- Exercise brief
For the records that follow, please set down exactly the lines between the one holding "CHURWALDEN Unterdorf - GR Grisons" and the one holding "Frases De Navidad", inclusive, and only those.

- Supplied material
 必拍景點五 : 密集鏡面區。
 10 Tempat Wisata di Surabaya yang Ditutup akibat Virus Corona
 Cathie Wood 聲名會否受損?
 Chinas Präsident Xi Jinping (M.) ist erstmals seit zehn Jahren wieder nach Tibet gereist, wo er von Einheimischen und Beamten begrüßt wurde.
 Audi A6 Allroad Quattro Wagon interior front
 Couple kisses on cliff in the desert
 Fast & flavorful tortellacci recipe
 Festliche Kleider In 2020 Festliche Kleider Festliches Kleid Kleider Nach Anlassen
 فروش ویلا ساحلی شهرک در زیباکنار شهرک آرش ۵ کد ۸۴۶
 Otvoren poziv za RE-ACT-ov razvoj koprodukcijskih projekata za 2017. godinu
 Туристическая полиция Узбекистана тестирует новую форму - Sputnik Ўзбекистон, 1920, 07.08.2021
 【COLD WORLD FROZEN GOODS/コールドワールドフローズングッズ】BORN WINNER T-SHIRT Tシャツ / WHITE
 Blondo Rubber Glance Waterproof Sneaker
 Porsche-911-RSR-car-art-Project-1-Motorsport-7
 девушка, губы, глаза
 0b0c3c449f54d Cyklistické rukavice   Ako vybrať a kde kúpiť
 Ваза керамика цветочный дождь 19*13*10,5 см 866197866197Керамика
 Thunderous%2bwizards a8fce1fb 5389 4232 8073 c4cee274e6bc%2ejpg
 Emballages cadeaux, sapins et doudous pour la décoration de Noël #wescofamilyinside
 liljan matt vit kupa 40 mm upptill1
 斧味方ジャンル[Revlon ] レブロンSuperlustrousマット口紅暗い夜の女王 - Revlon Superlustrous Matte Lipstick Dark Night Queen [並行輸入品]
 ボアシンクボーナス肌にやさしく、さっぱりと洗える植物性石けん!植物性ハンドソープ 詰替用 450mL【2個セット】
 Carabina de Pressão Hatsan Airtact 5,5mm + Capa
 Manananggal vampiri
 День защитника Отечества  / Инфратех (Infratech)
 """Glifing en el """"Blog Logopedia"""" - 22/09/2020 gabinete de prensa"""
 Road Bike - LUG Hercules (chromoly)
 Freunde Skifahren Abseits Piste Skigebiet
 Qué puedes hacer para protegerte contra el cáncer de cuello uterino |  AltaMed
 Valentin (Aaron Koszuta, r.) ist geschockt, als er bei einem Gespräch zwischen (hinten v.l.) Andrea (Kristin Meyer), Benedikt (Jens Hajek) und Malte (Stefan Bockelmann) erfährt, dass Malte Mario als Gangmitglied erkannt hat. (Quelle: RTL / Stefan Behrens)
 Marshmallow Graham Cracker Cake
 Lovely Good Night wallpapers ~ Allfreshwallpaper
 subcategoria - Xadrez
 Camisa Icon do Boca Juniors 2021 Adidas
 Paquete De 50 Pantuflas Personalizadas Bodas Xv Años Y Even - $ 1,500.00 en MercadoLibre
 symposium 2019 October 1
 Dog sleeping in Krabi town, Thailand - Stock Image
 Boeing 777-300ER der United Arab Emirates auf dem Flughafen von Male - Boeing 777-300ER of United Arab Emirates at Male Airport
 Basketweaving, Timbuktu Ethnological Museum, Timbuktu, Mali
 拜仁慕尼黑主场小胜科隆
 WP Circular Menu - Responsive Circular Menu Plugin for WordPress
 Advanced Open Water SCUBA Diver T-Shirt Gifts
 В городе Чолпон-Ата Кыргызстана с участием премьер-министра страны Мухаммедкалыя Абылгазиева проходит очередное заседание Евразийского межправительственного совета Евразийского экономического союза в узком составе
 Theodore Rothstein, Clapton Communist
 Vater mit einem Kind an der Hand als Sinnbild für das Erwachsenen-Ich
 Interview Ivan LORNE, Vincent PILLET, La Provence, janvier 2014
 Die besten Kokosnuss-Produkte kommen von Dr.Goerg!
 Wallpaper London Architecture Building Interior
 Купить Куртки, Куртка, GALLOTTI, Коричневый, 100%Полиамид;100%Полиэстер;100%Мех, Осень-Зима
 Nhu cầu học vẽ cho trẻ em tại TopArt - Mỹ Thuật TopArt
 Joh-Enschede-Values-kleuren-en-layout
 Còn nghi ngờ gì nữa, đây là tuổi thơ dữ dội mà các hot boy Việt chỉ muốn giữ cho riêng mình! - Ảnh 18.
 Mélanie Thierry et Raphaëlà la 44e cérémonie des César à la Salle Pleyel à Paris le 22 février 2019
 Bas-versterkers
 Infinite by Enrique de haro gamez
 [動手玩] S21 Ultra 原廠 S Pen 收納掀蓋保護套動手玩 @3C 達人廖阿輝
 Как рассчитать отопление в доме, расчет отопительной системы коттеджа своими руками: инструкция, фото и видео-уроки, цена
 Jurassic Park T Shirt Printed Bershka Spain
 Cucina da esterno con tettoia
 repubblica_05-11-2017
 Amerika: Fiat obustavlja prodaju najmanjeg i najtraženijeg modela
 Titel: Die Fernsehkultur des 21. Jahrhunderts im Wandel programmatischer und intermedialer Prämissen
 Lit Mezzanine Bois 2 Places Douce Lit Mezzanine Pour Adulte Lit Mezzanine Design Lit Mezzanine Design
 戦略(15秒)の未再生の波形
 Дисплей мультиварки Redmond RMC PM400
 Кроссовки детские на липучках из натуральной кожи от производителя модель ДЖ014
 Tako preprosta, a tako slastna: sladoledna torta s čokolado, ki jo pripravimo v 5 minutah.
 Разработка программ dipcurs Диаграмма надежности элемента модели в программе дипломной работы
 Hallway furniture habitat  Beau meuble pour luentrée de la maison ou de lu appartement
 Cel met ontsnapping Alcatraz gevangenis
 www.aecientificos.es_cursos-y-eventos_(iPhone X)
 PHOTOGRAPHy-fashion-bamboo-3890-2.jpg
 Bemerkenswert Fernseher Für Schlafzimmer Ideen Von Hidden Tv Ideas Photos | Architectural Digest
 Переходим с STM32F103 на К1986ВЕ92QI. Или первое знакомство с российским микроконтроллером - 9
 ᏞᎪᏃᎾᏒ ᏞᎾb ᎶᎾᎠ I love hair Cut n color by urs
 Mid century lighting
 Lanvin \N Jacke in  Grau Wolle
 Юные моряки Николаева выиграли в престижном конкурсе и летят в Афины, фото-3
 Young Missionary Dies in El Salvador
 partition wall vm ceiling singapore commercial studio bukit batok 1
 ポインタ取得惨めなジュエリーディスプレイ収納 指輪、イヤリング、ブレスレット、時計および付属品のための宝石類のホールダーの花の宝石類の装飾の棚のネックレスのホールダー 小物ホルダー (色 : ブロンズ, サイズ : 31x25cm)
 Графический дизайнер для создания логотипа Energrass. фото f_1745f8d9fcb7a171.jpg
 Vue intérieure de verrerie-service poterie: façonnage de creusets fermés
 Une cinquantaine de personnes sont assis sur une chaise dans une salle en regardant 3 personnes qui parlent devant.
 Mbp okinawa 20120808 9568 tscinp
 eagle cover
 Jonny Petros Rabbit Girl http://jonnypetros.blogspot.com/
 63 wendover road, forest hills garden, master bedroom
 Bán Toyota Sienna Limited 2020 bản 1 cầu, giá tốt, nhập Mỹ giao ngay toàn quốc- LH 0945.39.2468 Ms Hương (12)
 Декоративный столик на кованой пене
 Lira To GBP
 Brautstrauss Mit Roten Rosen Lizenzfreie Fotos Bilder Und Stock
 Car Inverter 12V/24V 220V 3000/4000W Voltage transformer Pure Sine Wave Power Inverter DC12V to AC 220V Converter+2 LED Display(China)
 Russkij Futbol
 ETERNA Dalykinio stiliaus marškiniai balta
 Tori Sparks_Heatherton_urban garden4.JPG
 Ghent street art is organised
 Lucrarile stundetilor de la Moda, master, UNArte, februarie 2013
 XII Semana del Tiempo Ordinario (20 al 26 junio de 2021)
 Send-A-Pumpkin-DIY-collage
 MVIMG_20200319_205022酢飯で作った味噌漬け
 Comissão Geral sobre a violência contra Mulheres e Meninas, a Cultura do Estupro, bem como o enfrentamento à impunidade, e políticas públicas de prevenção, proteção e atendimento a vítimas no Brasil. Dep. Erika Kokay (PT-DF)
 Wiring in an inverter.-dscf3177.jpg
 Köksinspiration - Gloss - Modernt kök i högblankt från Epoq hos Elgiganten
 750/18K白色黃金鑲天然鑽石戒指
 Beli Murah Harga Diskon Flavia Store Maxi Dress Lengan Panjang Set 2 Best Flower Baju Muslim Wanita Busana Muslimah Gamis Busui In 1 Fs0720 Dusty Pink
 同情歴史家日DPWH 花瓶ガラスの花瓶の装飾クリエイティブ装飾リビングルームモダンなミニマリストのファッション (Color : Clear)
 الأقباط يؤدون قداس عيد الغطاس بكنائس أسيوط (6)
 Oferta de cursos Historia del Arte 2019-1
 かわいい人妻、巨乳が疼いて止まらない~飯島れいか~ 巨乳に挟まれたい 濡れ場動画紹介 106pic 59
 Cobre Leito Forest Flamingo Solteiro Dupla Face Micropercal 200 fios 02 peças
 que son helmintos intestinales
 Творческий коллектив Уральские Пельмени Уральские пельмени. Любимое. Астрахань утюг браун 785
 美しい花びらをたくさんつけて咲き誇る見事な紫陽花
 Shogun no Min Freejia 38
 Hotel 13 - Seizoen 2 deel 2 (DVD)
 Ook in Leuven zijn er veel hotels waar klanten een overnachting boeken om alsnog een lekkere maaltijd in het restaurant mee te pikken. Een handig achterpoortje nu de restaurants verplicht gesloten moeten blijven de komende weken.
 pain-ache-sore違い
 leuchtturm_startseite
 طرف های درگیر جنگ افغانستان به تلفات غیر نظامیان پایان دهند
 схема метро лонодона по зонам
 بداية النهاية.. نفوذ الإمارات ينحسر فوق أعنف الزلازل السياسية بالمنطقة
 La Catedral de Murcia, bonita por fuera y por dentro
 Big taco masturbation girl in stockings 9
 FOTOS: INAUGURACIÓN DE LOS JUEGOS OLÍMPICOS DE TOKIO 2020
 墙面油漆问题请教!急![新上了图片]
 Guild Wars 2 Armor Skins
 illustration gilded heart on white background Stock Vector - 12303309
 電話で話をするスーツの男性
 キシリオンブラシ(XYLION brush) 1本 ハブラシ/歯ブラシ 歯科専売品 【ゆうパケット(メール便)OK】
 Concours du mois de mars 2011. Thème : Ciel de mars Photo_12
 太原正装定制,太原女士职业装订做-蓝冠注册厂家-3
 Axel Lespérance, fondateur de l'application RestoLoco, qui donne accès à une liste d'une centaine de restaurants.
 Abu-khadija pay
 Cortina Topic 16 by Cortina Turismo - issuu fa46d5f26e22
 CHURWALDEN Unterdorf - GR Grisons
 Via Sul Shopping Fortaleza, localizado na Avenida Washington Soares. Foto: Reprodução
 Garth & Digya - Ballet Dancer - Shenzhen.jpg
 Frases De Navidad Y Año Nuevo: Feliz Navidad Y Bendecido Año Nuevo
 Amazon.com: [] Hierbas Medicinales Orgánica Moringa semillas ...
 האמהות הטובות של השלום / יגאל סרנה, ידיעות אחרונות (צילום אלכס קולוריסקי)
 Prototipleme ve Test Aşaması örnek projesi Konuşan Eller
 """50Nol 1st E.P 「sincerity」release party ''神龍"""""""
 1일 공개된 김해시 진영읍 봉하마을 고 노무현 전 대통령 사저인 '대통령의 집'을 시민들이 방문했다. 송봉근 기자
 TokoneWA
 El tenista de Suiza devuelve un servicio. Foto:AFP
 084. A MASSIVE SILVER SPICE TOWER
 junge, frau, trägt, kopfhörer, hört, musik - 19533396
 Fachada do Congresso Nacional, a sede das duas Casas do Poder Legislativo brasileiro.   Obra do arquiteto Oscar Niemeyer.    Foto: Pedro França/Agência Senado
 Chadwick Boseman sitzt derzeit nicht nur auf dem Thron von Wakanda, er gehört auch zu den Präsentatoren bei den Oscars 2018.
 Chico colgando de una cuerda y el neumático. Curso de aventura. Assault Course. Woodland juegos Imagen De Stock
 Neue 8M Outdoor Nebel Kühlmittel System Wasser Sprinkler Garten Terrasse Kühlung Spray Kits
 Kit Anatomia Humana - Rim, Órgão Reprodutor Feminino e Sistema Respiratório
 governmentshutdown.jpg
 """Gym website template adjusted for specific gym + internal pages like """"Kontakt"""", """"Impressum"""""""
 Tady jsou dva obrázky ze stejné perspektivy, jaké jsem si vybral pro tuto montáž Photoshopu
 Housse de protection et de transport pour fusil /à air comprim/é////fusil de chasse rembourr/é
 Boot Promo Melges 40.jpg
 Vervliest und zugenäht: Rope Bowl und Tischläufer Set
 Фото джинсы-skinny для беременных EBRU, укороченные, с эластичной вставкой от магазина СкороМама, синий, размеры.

- Response to the task
 CHURWALDEN Unterdorf - GR Grisons
 Via Sul Shopping Fortaleza, localizado na Avenida Washington Soares. Foto: Reprodução
 Garth & Digya - Ballet Dancer - Shenzhen.jpg
 Frases De Navidad Y Año Nuevo: Feliz Navidad Y Bendecido Año Nuevo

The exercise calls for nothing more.